Same problem with nvidia: 515.76 kernel: 5.19.10 gpu: RTX3090
Downgrading to 515.65 works.

There’s something wrong with 515.76

Same problem here with 515.76 and just one RTX3060.

2 Likes

Likewise; I recently upgraded to an RTX 3060 Ti, only to be met with an imperishable black screen when starting up xorg/display manager after updating. Only solved by rolling back to 515.65.01, on a system using early KMS, the right modules loaded into initramfs, using DKMS, and pretty much all precautions taken when upgrading NV drivers. None of the other common troubleshooting steps listed on the Arch Wiki for example help in this case.

Arch Linux, Kernel 5.19.11, Plasma.

I’m noticing that the only people reporting no immediate issue with 515.76 seem to be Pascal users (or aren’t disclosing their cards) and every mention of the problem is from an Ampere user. The only exception seems to be one individual who is using the open source module on a 2070, but all of this might be anecdotal at this stage

1 Like

Same issue here. Hardware is 12900k with a 3090. Driver 515.76 caused black screen after grub. Downgrade to 515.65 was the only solution.
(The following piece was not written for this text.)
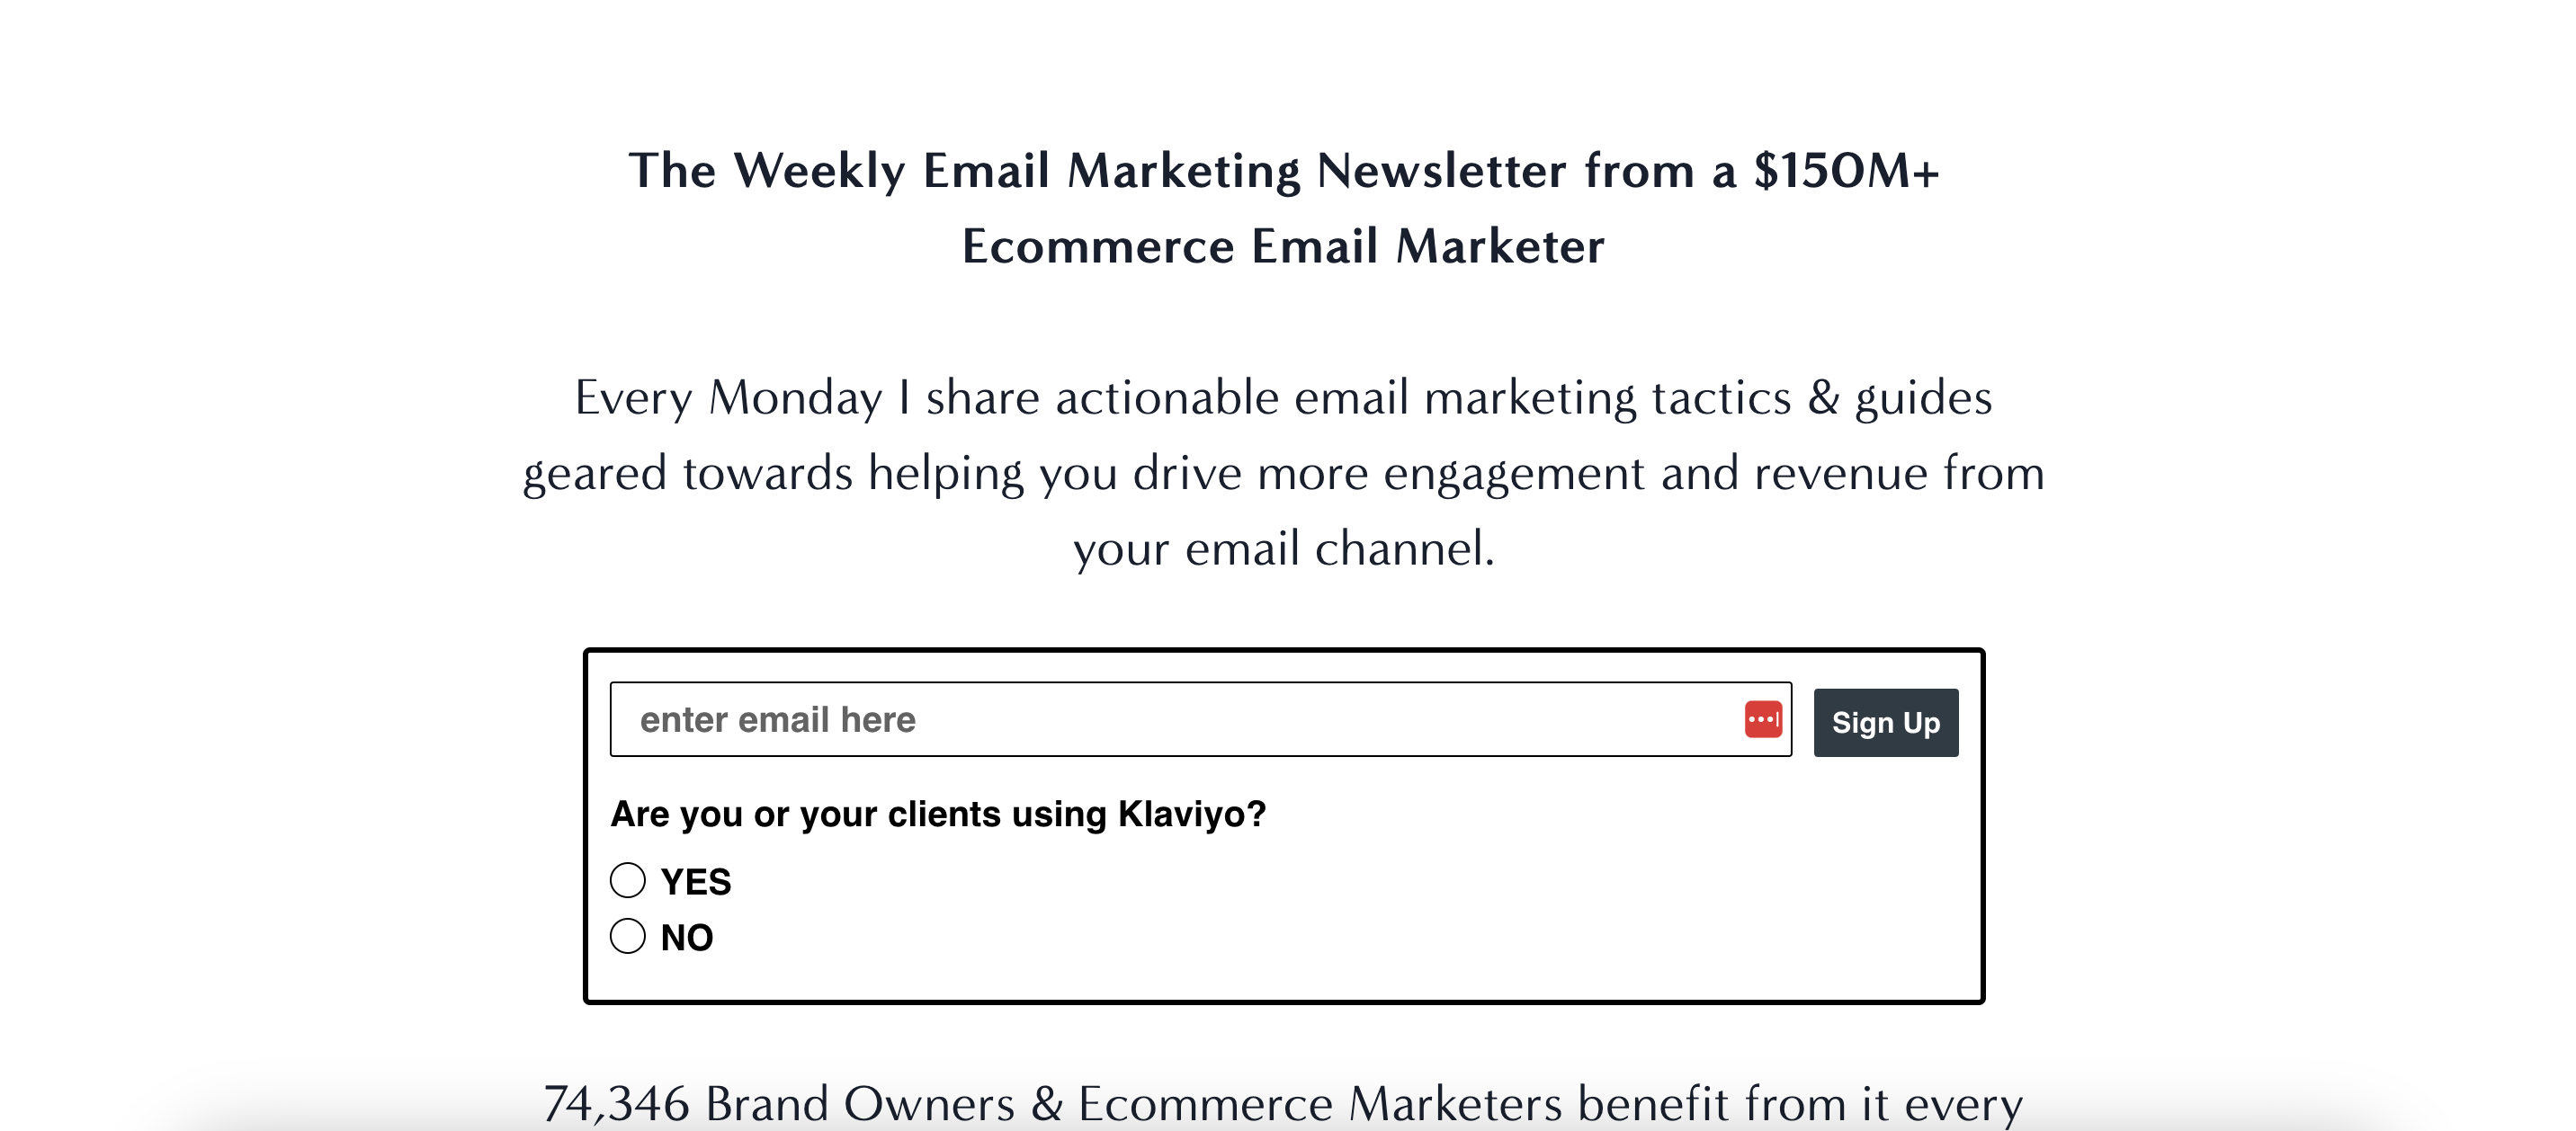 Chase Dimond のニュースレター: 専門的な電子メール マーケティングに関する洞察を毎週配信する電子メールです

Also had to downgrade linux, lib32, headers.

Spec Value
Kernel 5.19.11
Driver 515.76
PCIe GPU RTX 3060 12GB (MSI)
Integrated GPU AMD Cezanne
Motherboard B550-A MC-7C56
CPU AMD Ryzen 5 5600G
Distribution Gentoo

The driver prints out:

kernel: nvidia: loading out-of-tree module taints kernel.
kernel: nvidia: module license 'NVIDIA' taints kernel.
kernel: nvidia-nvlink: Nvlink Core is being initialized, major device number 242
kernel: nvidia 0000:10:00.0: vgaarb: changed VGA decodes: olddecodes=io+mem,decodes=none:owns=none
kernel: nvidia-modeset: Loading NVIDIA Kernel Mode Setting Driver for UNIX platforms  515.76  Mon Sep 12 19:11:54 UTC 2022
kernel: nvidia_uvm: module uses symbols nvUvmInterfaceDisableAccessCntr from proprietary module nvidia, inheriting taint.
kernel: nvidia-uvm: Loaded the UVM driver, major device number 240.
kernel: nvidia-modeset: WARNING: GPU:0: Lost display notification (0:0x00000000); continuing.
kernel: nvidia-modeset: WARNING: GPU:0: Unable to read EDID for display device HSP HSG1074 (HDMI-0)
kernel: nvidia-modeset: ERROR: GPU:0: Idling display engine timed out: 0x0000c67d:0:0:1119
kernel: nvidia-modeset: ERROR: GPU:0: Idling display engine timed out: 0x0000c67e:0:0:1128
kernel: nvidia-modeset: ERROR: GPU:0: Idling display engine timed out: 0x0000c67e:1:0:1128

nvidia-bug-report.log.gz (73.9 KB)

This occurs with or without the integrated GPU enabled in firmware.

2 Likes

Ok nvidia, can we get some acknowledgment of this issue? We are seeing this on Arch linux, Gentoo, Endeavour linux and in the Reddit forums.

1 Like

Just updated today and BAM. I cant believe the devs can’t even test their code properly before putting it in prod.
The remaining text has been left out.